Sticking With Board Games in the Digital Age

ByABC News via logo
November 1, 2004, 3:43 PM

Nov. 4, 2004 — -- It was like an adrenaline-packed dash to the finish line, but the prize was not a gold medal. Instead, it was a neatly packaged box of Pictionary, the trusted board game that often has players squinting at their teammates' indecipherable squiggles before gustily yelling their answers.

Jed Miller still remembers the time he drove down to New York City from Amherst College in Massachusetts with three classmates to buy a copy of the beloved game.

It was the winter of 1987, at the height of what he calls his "collegiate obsession with Pictionary," and the game was sold out at every store in Massachusetts. In desperation, the four friends packed into a car and drove down to Manhattan, where they rushed into Altman's on Fifth Avenue just 10 minutes before the old-world department store closed, and emerged with their much sought-after Pictionary set.

"We were completely sober at the time," recalled the Amherst grad, who is now 38, in an e-mail to ABC News. "But the entire episode had the glee and desperation of a stoner's late-night run for the munchies."

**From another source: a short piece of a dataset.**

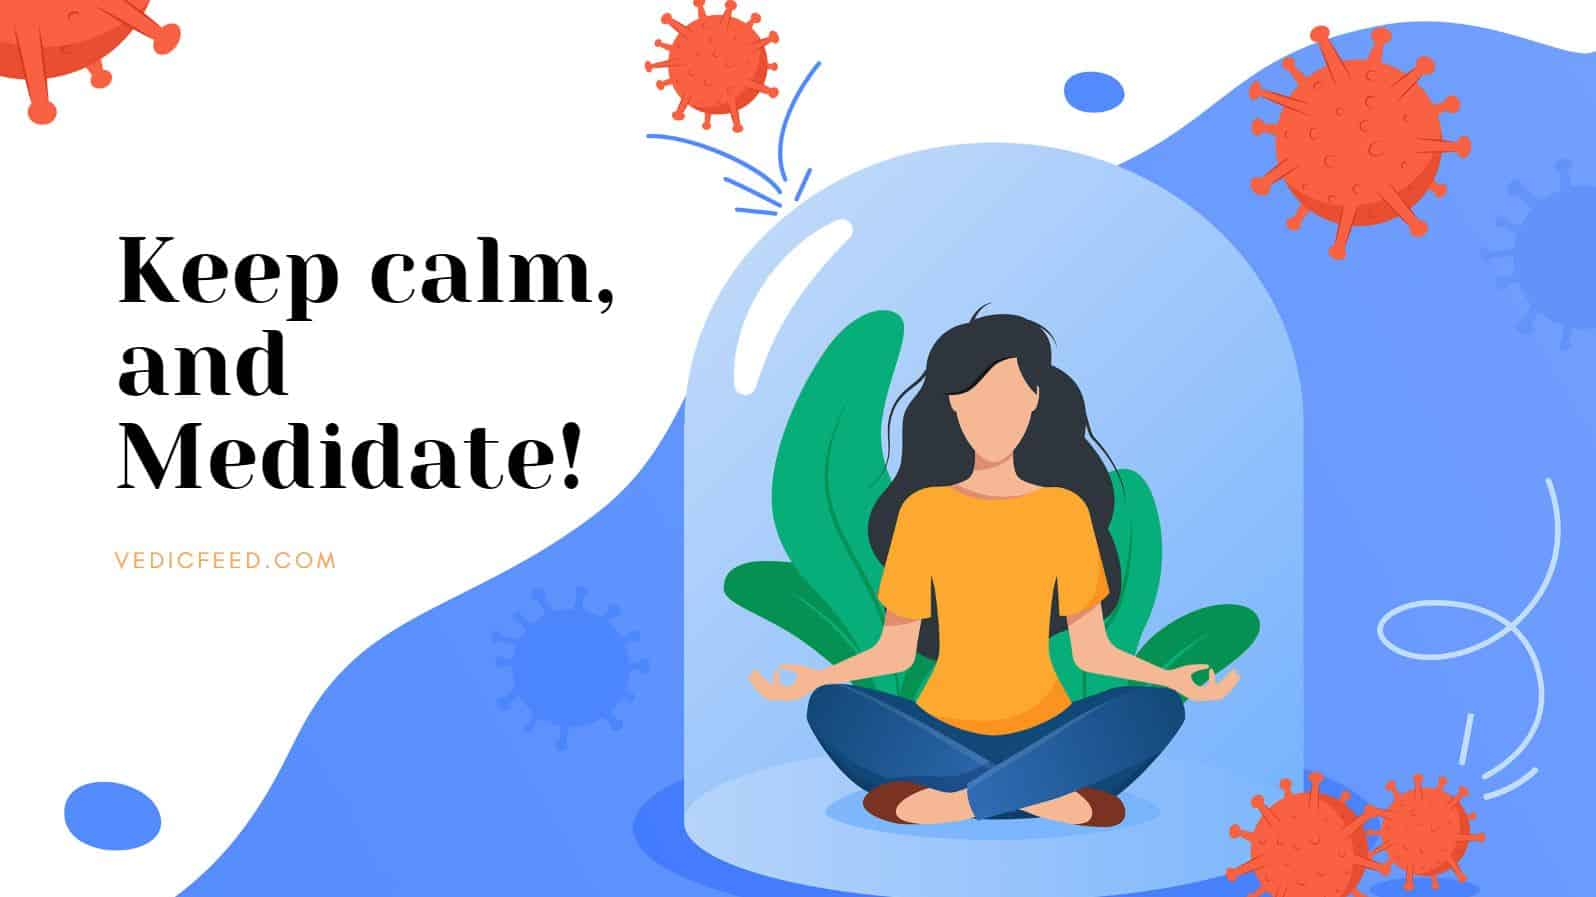 Keep calm and Meditate!

These days, "games" usually means video games. There are PlayStations and Xboxes and downloadable software with stunningly believable 3-D images. There are superheroes, gun-toting, muscle-rippling hunks, cute and cuddly characters, Harry Potter licensed games and sports videogames.

So in this high-tech age, is it harsh to ask what possible chance do the old board games have, with their dice, pencils, sand-clocks and plastic pieces? Should the companies who make the board games of yore just pack up and lament the death of their industry?

If market figures and analysis by toy experts and board-game manufacturers are anything to go by, the answer is a surprising, resounding "No."

Fans like Miller suggest there's still life in the genre. A New York-based online communities expert, Miller is a tech-savvy young man, familiar with the latest video and computer games. But while he's had some enjoyable video gaming experiences, Miller says nothing comes close to the sheer fun and challenge of a trusted board game.